5e jour de la neuvaine

Le PSP n’a pas assez tenu compte des vexations de la vie quotidienne subies par les noirs au cours des trois gouvernements antérieurs à Estimé. Ce n’était pas superficiel pour un Noir de supporter le mépris des mulâtres et leurs insultes. On s’imagine un cadre noir tel un Noé Fourcand ne pouvant aller au Rex Théâtre comme il l’explique, parce que sa peau est noire [1] ou plus brune que celle d’un Mulâtre. On ne saurait donc être indifférent à la couleur de la peau en pensant que la référence à la classe sociale est tout. La conscience coloriste a des conséquences profondes dans la psychologie des noirs qui sont atteints dans leur subjectivité par la discrimination dont ils sont victimes. Ce d’autant plus que l’identité de la blanchitude en France a été encouragée par le racisme international anti-Noir qui a encouragé fortement les gouvernements haïtiens à envoyer uniquement des diplomates dont la couleur de la peau se rapproche le plus possible du blanc [2].

Les mêmes considérations de nuance de couleur de peau seront suggérées plus tard aux représentants diplomatiques haïtiens accrédités aux États-Unis à partir de 1862. En effet, tous les diplomates haïtiens accrédités à Washington ont été de peau claire [3]. Il a fallu attendre 1946 pour qu’Haïti y envoie son premier ambassadeur à peau noire. Ce sera le brillant intellectuel et avocat Joseph D. Charles. Pour les noiristes du journal La République, l’objectif de la « mulatrerie mulatrisante » est de « salir les Noirs aux yeux du Département d’État et dire qu’ils sont incapables d’administrer. Il s’agit aussi d’arriver sans hésitation devant les moyens, à accroitre la gêne des masses noires et à semer parmi elles la propagande que l’Américain n’aimant pas les Noirs en général ne fera rien pour le Pays tant que ce dernier ne sera pas dirigé par les mulâtres dont le contact lui est un peu moins répugnant, en raison de sa couleur [4]. » La colonialité n’a pas continué seulement au niveau du politique et de l’économie mais aussi au niveau de l’idéologie et de la psychologie.
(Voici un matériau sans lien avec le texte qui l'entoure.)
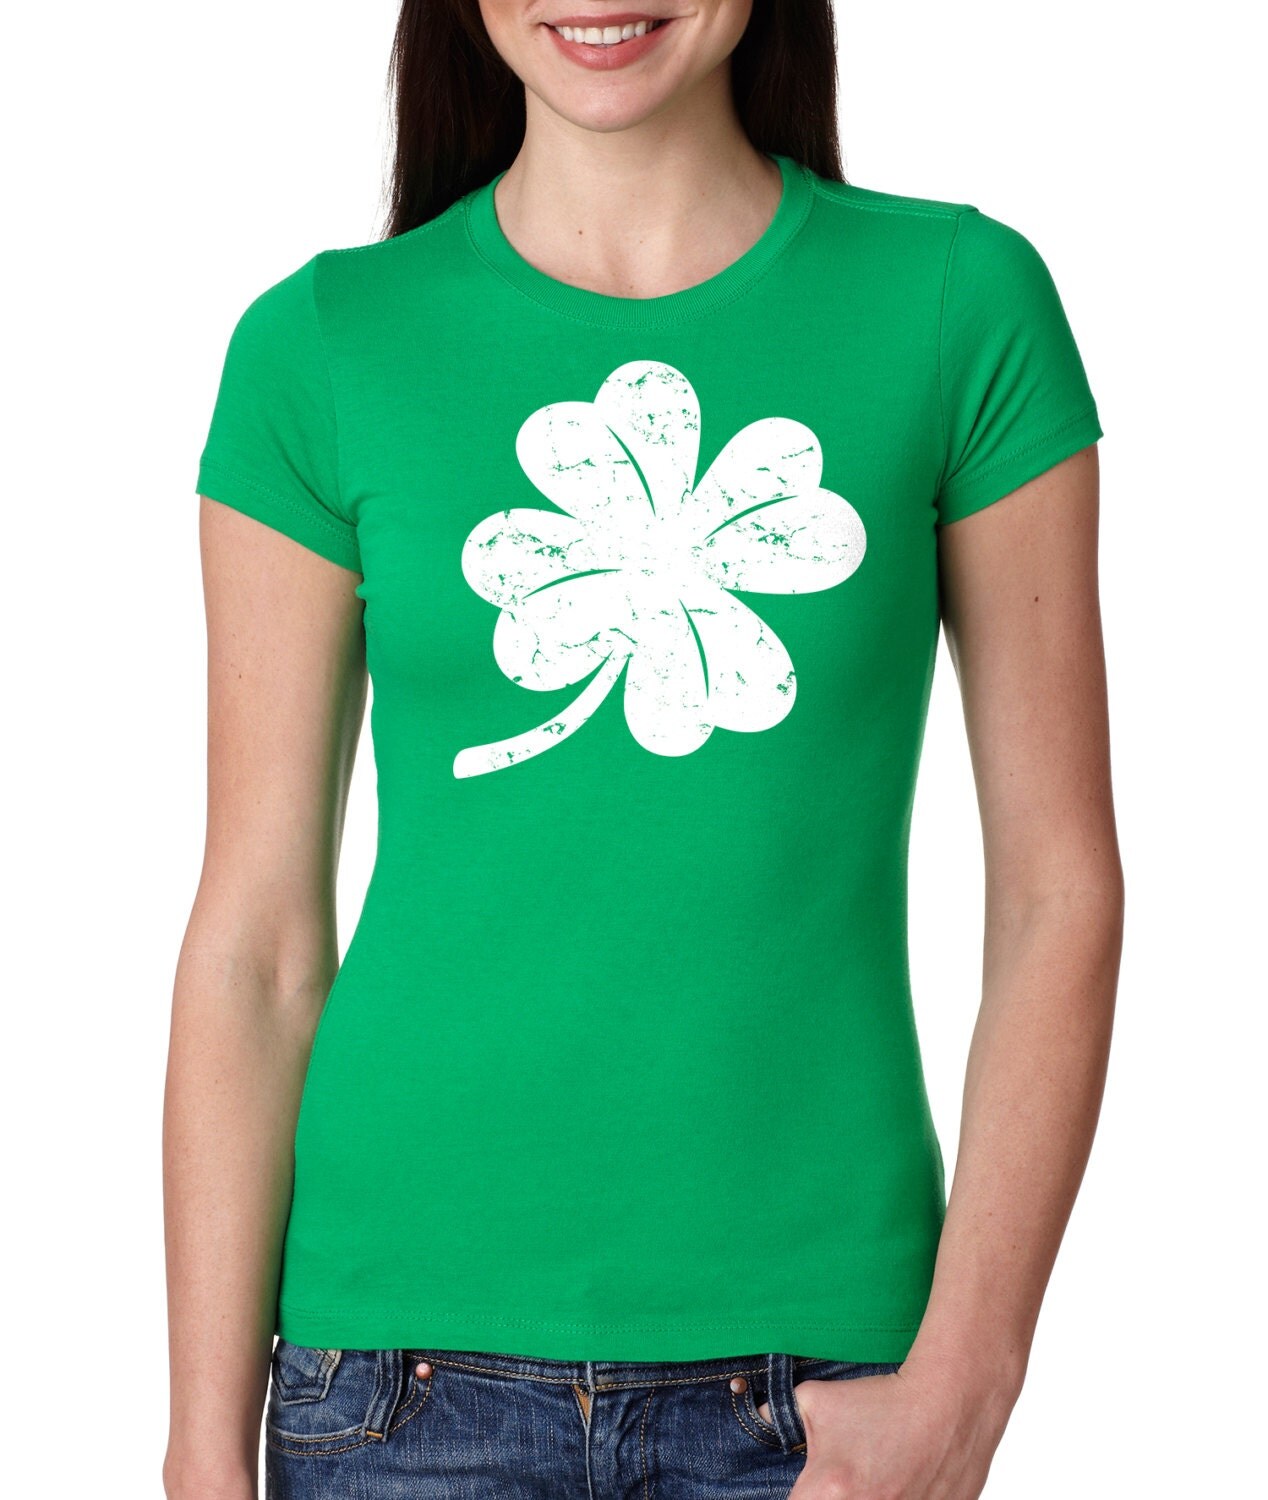 Clover Shamrock T-Shirt Woman Top Ladies Fit St. Patrick's

Elle s’est manifestée sous la forme des représentations des différences de teinte de couleur de peau et les symboles auxquels référaient les perceptions chromatiques associées [5].

Le secrétaire général Etienne Charlier devait reconnaître en janvier 1948 le poids de la question de la couleur en disant :

« …si le PSP fut plus ou moins coupé des masses en 1946, c’est que sa qualité de parti marxiste l’obligeait à poser la question en termes de classes et non en termes de couleur, alors qu’une véritable psychose collective emportait les masses dans la lutte traditionnelle des couleurs [6]. »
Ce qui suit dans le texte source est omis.